The Le Pard home, circa 2002 comprised four humans of various sizes, sexes and sophistications, two cats, two tortoises, the last survivors of a tropical fish experiment and a dozen whistling cockroaches. In considering the decision making structure that existed back then, you need to know the following: the cats refused to join in any discussions, reasoning that as the superior species they would do what they damn well liked; the tortoises were indifferent to anything beyond cucumber and making bids for freedom; in all honesty the fish never stayed still long enough to count their votes; and the cockroaches had been disenfranchised after escaping one Saturday and taking up residence in the airing cupboard.

That left the four of us, vieing for supremacy in issues of the day. A tense equilibrium had been maintained for a while but about this time the Balance of Power began to shift. The Lawyer and the Vet, respectively 12 and 9, had started to realise that The Sibling Wars were in fact a sideshow to the main event namely Home Domination and they were both failing in their aims. So a new force arose in the land: a dangerous cadre called Team Sibling, their antipathy and rivalries being buried in their need to thwart He Who Would Like To Be Obeyed and the then centre of all power: the Matritatorship herself.


And the first real test of Team Sibling’s growing subversion was the Dog Paradox.

On the one hand both she and me had enjoyed pet dogs as children and understood Proposition Canine when it was presented to us. On the other we were well aware that (a) promises to help, eg with walking Β were illusory unless dog walking happened to be trending that day and (b) Team Sibling were now of an age where we could go away more easily so having the responsibility for a dog would instantly curtail those hopes.

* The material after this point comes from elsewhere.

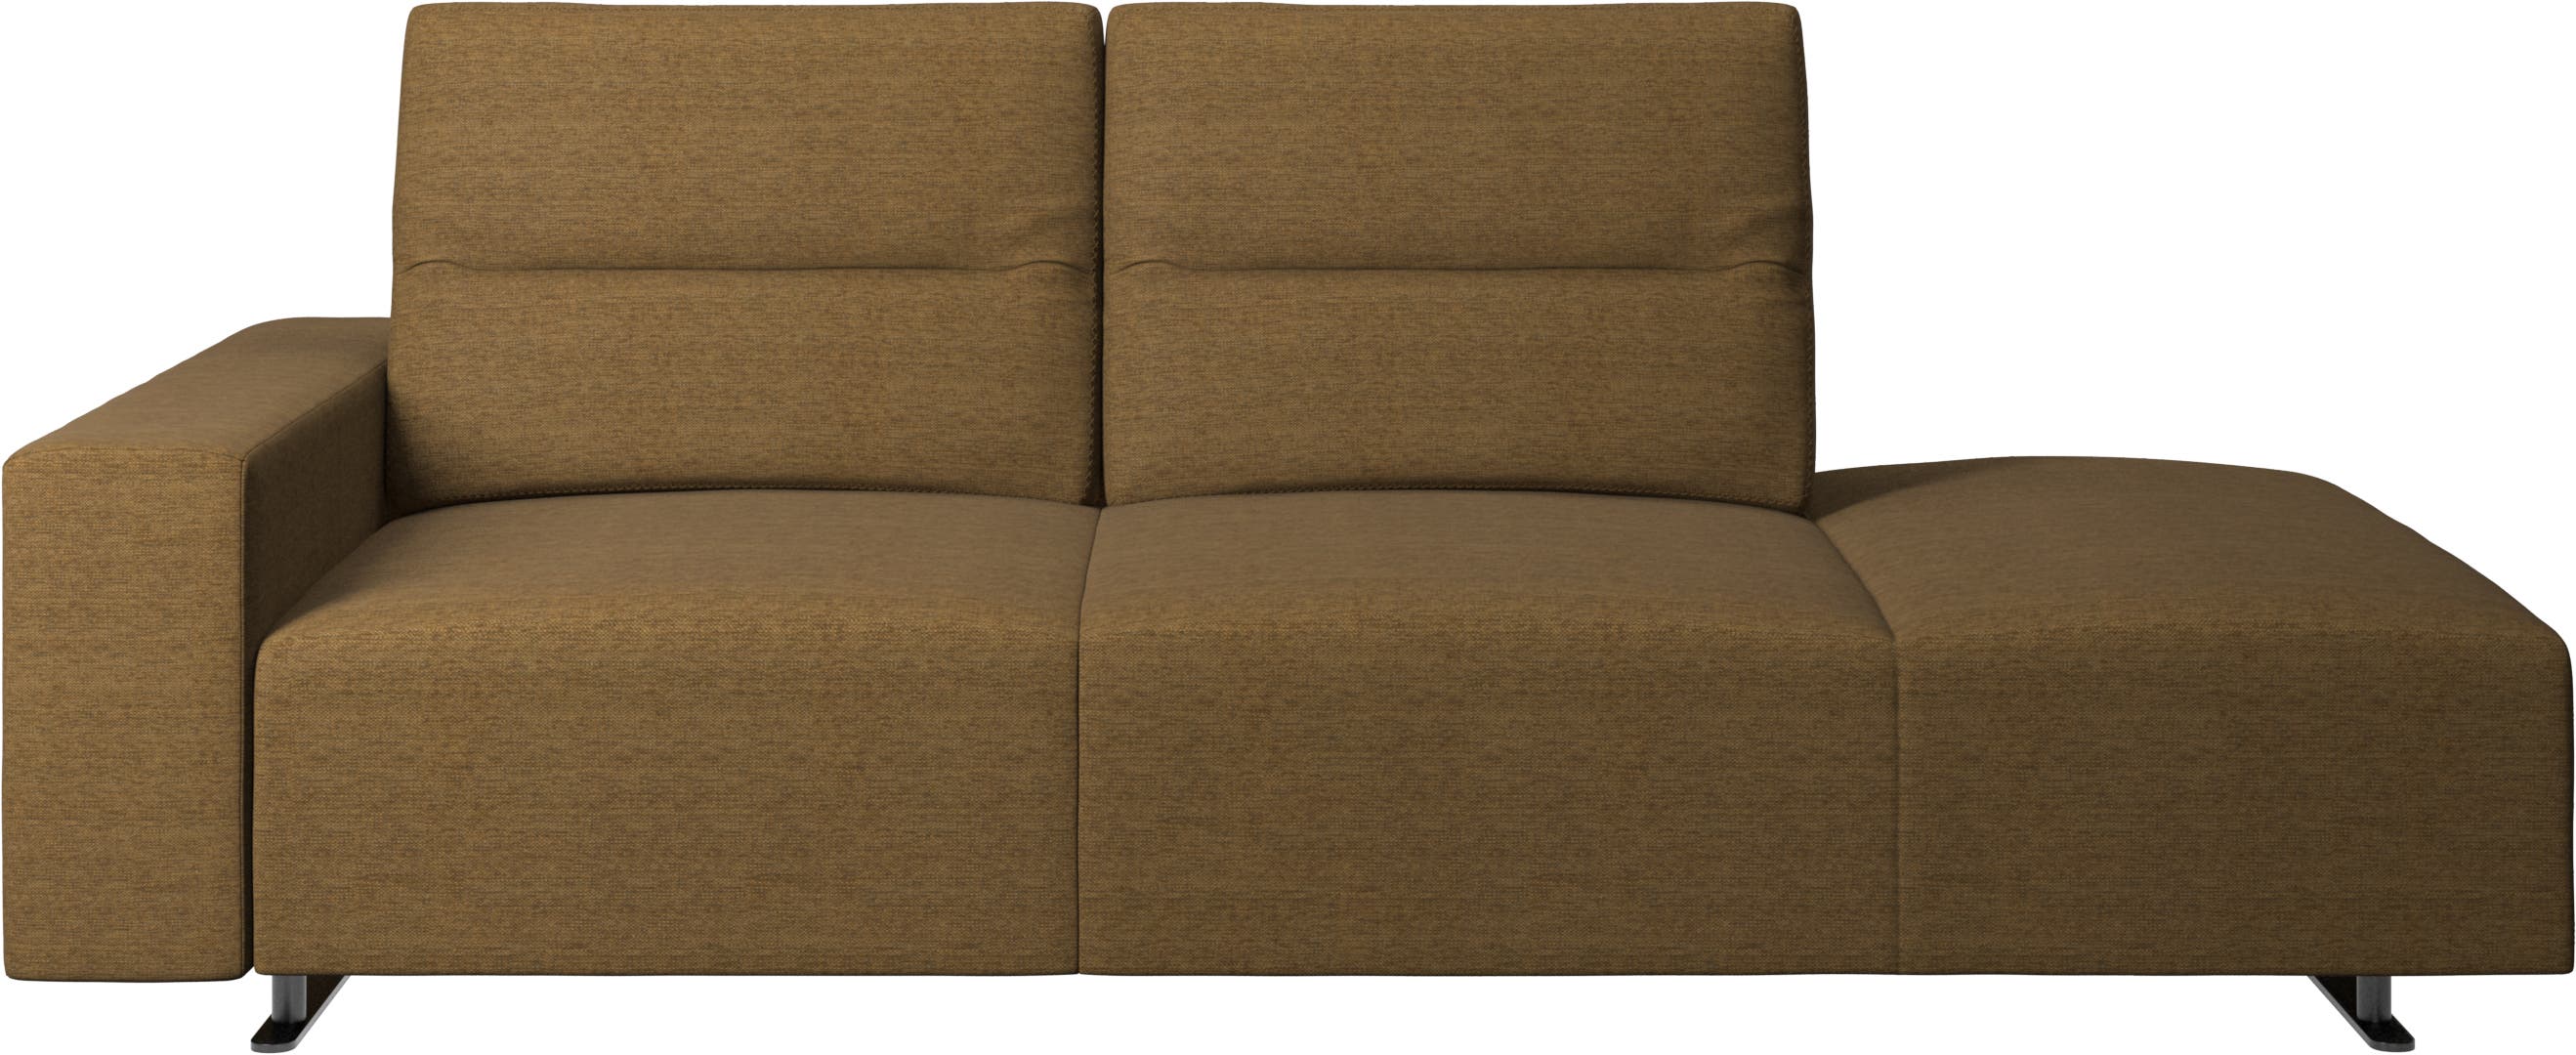 Sofá Hampton com encosto ajustável com módulo de descanso do lado direito, armazenamento e apoio de braços lado esquerdo

HWWLTBO gave in first. It was too easy really: I would be at the legal coal face for hours everyday and they understood how to guilt trip an absent adult with the same surgical precision as our cats eviscerate mice – plus I was a sucker for the idea of dog walking as a weekend treat.

Only the Boss was left unconvinced and even someone as redoubtable as the Textiliste couldn’t survive for long. Finally the thick walls of common sense that had been maintained by the distaff side crumbled and fell.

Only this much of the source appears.